4. Defendants’ motion to dismiss was also based on Fed. R. Civ. P. 12(b)(7) for failure to join necessary and indispensable parties pursuant Fed. R. Civ. P. 19. Defendants argued that New Century Mortgage Corporation, the entity which according to defendants assigned the mortgage to U.S. Bank, and the current owners of the foreclosed property were both necessary and indispensable parties. The district court ultimately dismissed the case based on its conclusion that the amended complaint failed to state any claim and it did not reach the joinder issue. It stated in a footnote: “In light of the Court’s conclusion that the amended complaint fails to state a plausible claim, the Court need not reach whether the dismissal is warranted under Rule 12(b)(7).” The parties did not brief the matter before this Court and we will therefore not address it, as joinder issues under Fed. R. Civ. P. 19 “turn on specific facts, will not recur in identical form and the district judge is closer to the facts . . . and has a comparative advantage over a reviewing court.” Picciotto v. Cont’l Cas. Co., 512 F.3d 9, 15 (1st Cir. 2008) (quoting Tell v.
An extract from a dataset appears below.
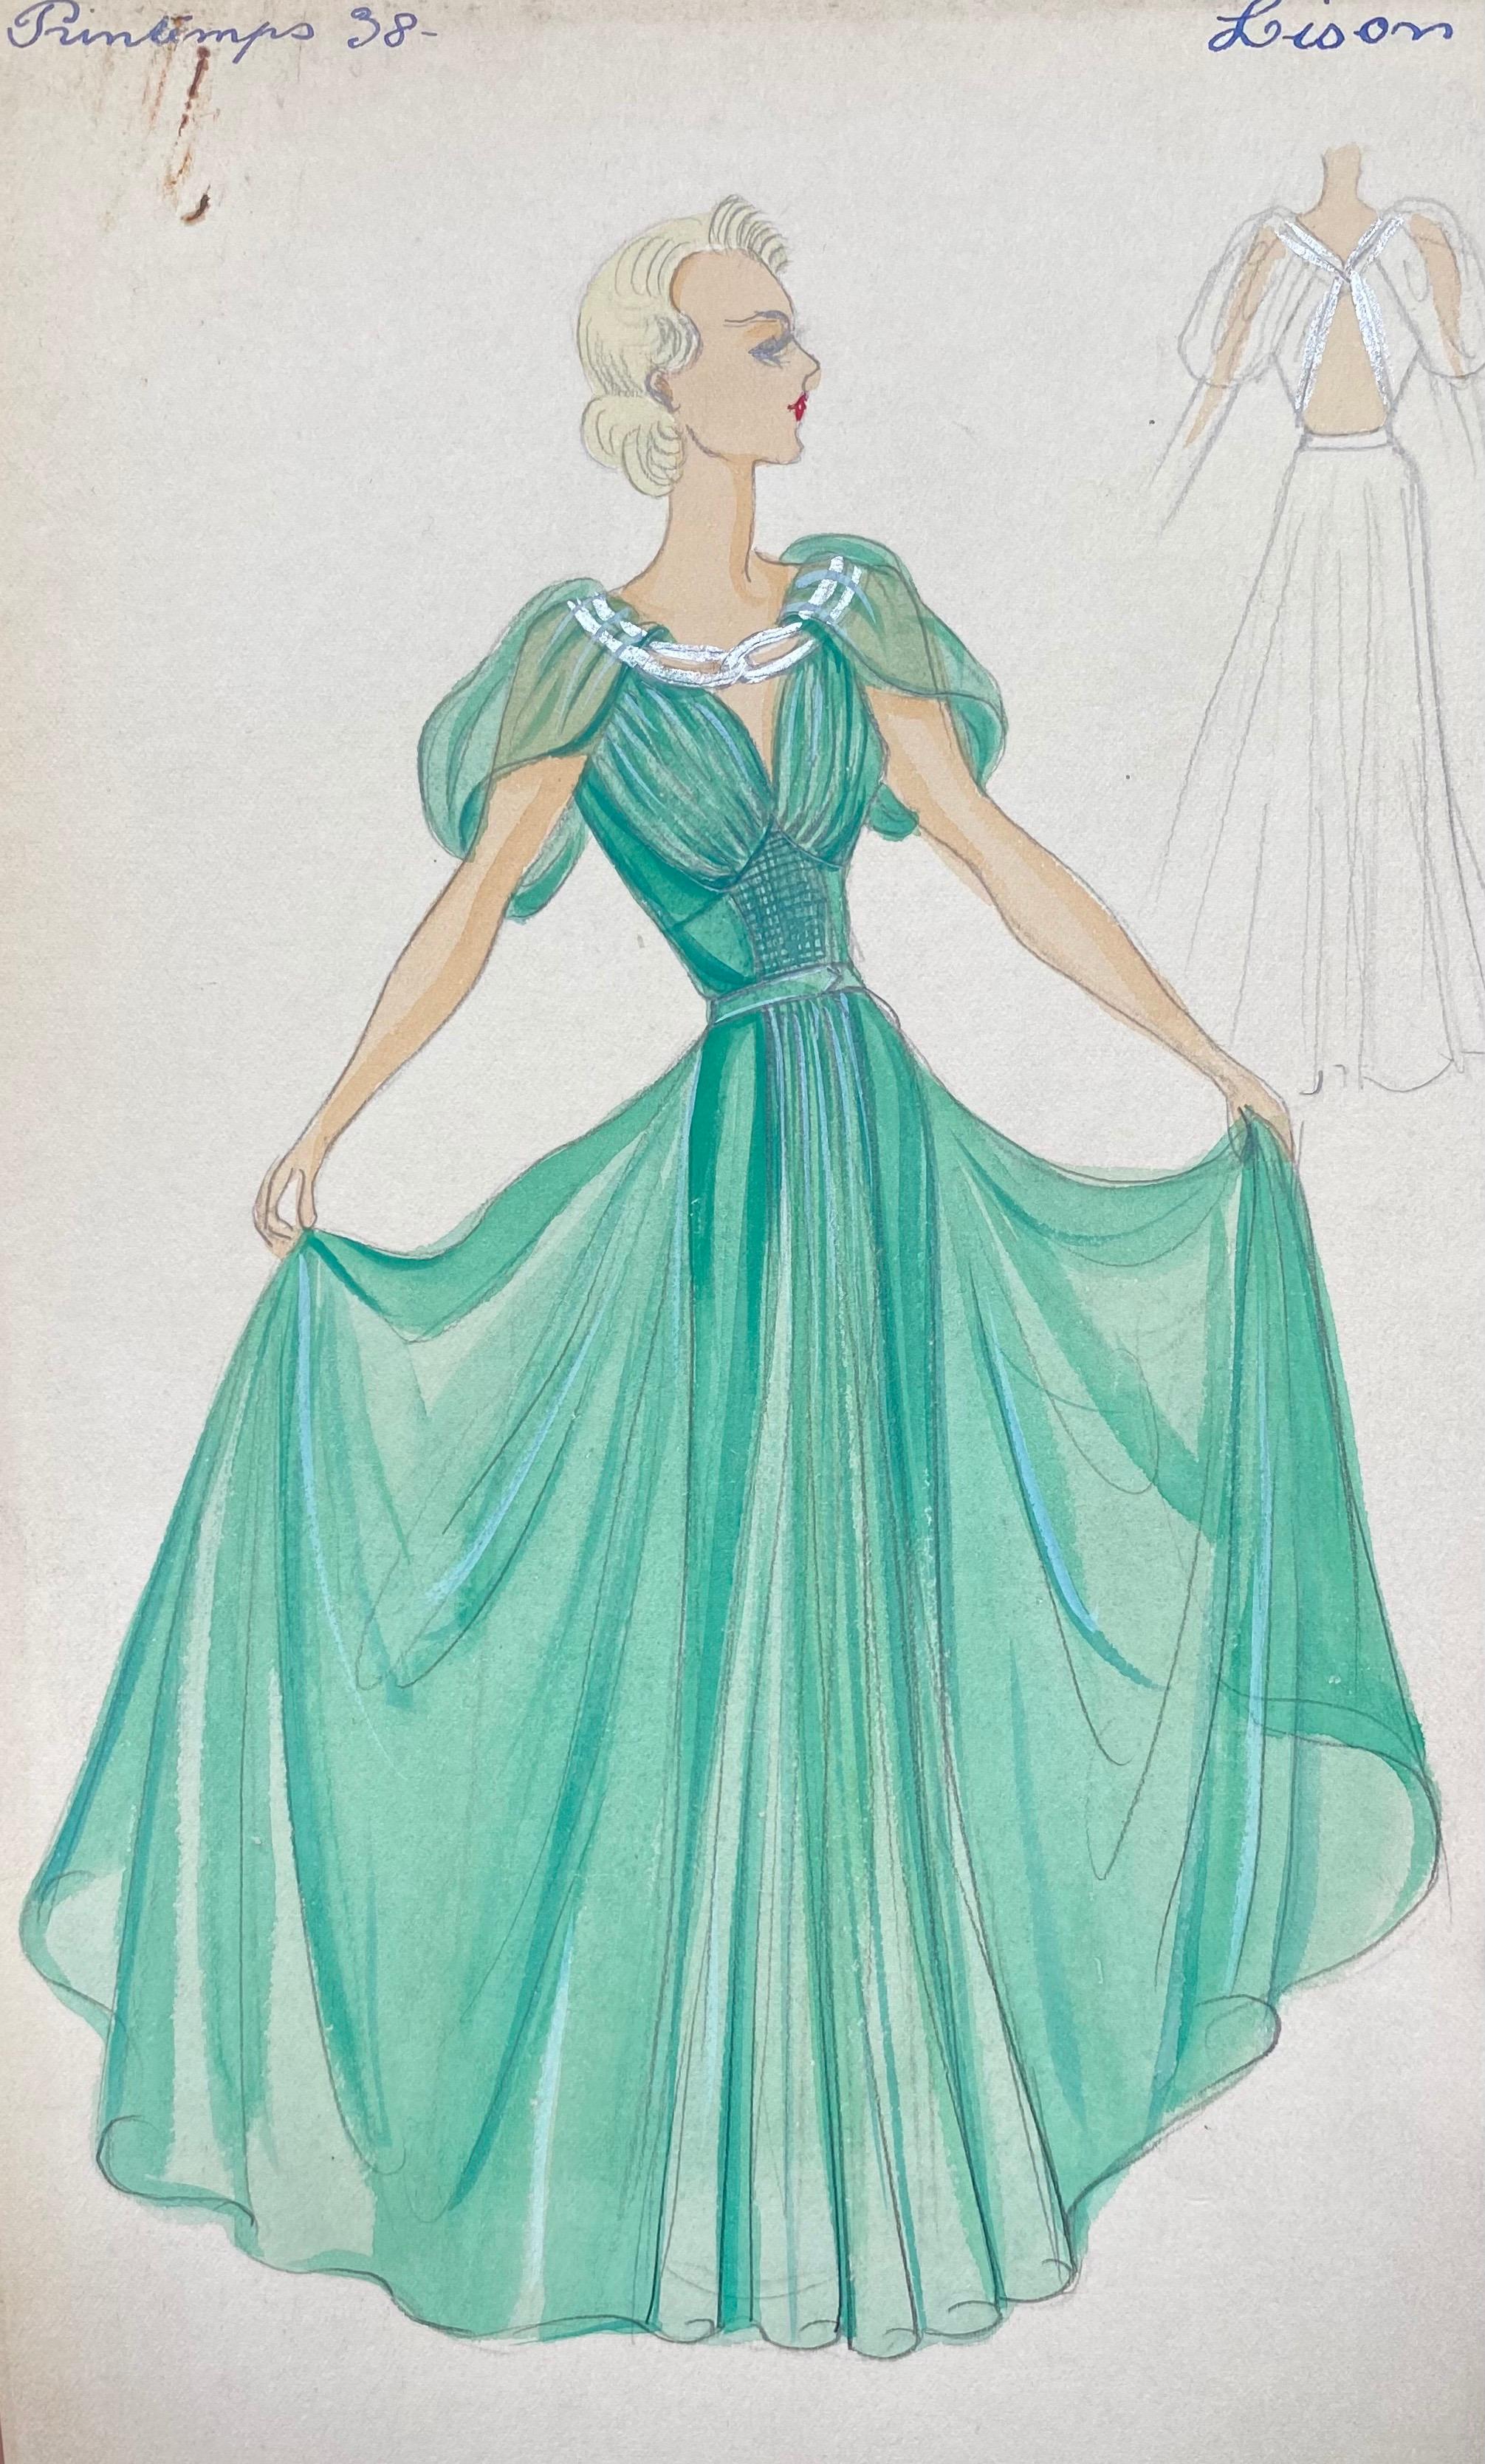 Unknown Portrait Painting - 1930's Original Parisian Fashion Illustration Watercolor Green Ballgown Dress

Trs. of Dartmouth Coll., 145 F.3d 417, 418 n.1 (1st Cir. 1998)).
5. As will be discussed in great detail below, in Massachusetts, a “confirmatory assignment” of a mortgage is a written document that may be executed and recorded after the foreclosure of the mortgaged property, when the written assignment of the mortgage was executed before the foreclosure, but was not in recordable form. See U.S. Bank Nat’l Ass’n v. Ibáñez, 941 N.E.2d 40 (Mass. 2011).
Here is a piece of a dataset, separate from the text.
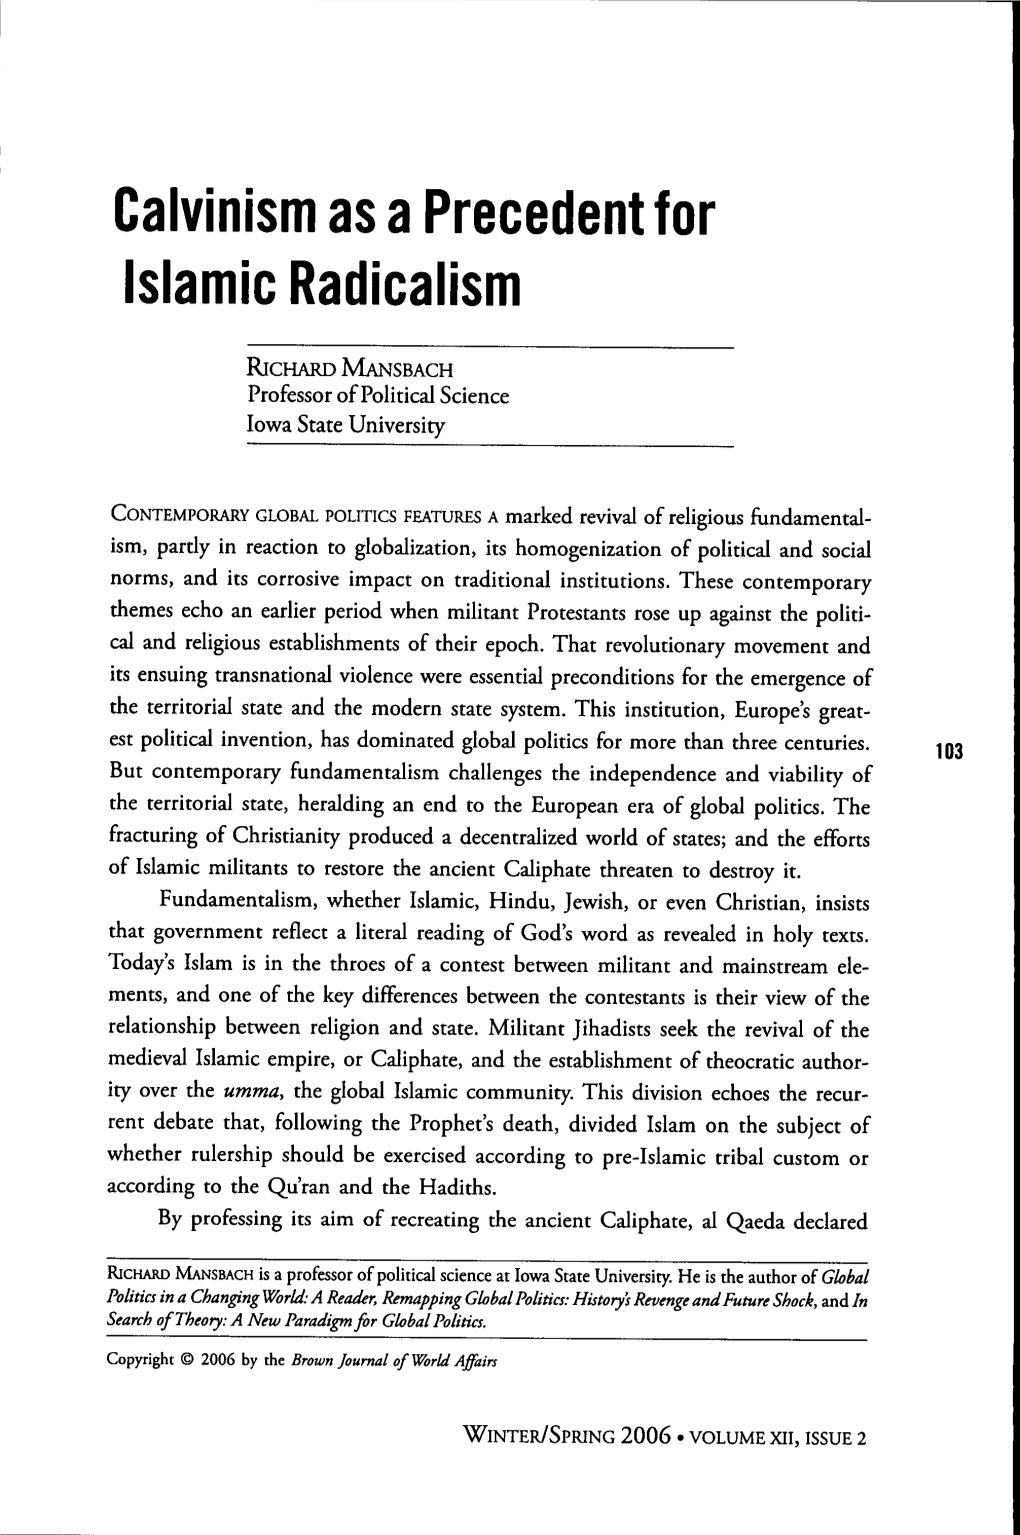 Calvinism As a Precedent for Islamic Radicalism

6. The foreclosure in this case took place before the SJC issued Eaton v. Fed. Nat’l Mort. Ass’n, 469 N.E.2d 1118 (Mass. 2012), where the court “construe[d] the term ["mortgagee"] to refer to the person or entity . . . holding the mortgage [at the time the foreclosure initiates] and also either holding the mortgage note or acting on behalf of the note holder.” Id. at 1121. Before Eaton, it was understood that the mortgagee seeking to execute only had to possess the mortgage to initiate the procedures. The SJC expressly made that ruling prospective, and we therefore only address whether defendants held the mortgage, and not both the note and the mortgage, at the time they foreclosed.
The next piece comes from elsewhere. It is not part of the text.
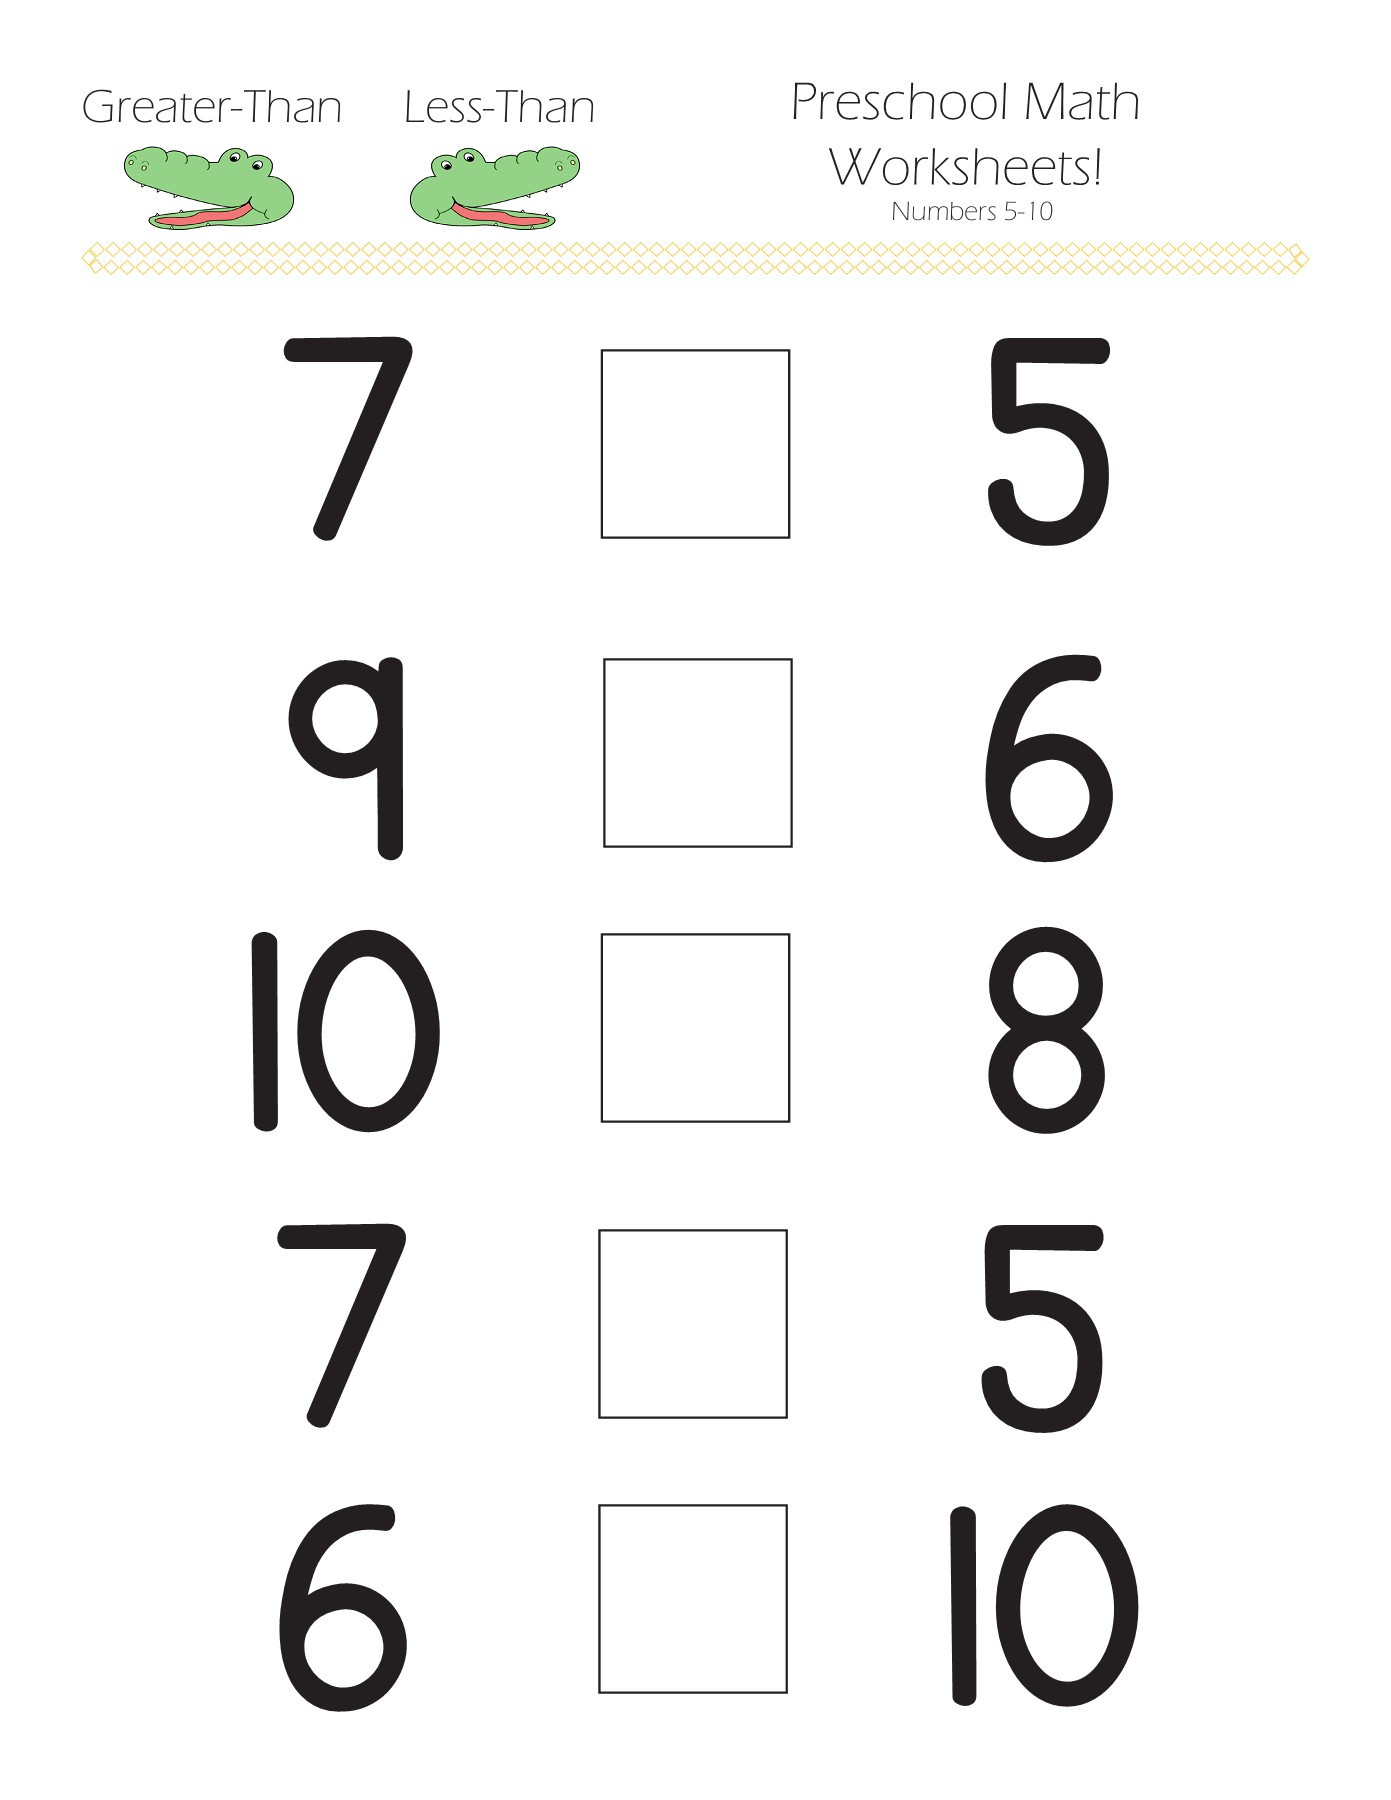 Preschool Math Worksheets Greater Than Less Than Preschool Math Worksheets

7. The district court found a third ground under which the complaint challenges defendants’ authority to foreclose: “that assignments of the mortgage were not recorded prior to the notice of sale or subsequent [to] the foreclosure sale.” We do not separately address this issue and instead address it in our discussion of Ibáñez.
8. Defendants insist that Juárez is forever barred from litigating the legality of her foreclosure because she did not file a complaint to enjoin the foreclosure before it was finalized. They cite to the following expressions in Ibáñez: “Even where there is a dispute as to whether the mortgagor was in default or whether the party claiming to be the mortgage holder is the true mortgage holder, the foreclosure goes forward unless the mortgagor files an action and obtains a court order enjoining the foreclosure.” Ibáñez, 941 N.E.2d at 49. We believe those expressions stand for the proposition that only an injunction can halt a foreclosure, not that a void foreclosure turns valid and can never be challenged if it is not enjoined. In fact, the cases cited by the SJC in Ibáñez, while discussing the nullity of foreclosures carried out by those lacking the power of sale, were in fact cases brought by mortgagors after the foreclosures had ended. See, e.g., Moor v. Dick, 72 N.E. 967 (1905).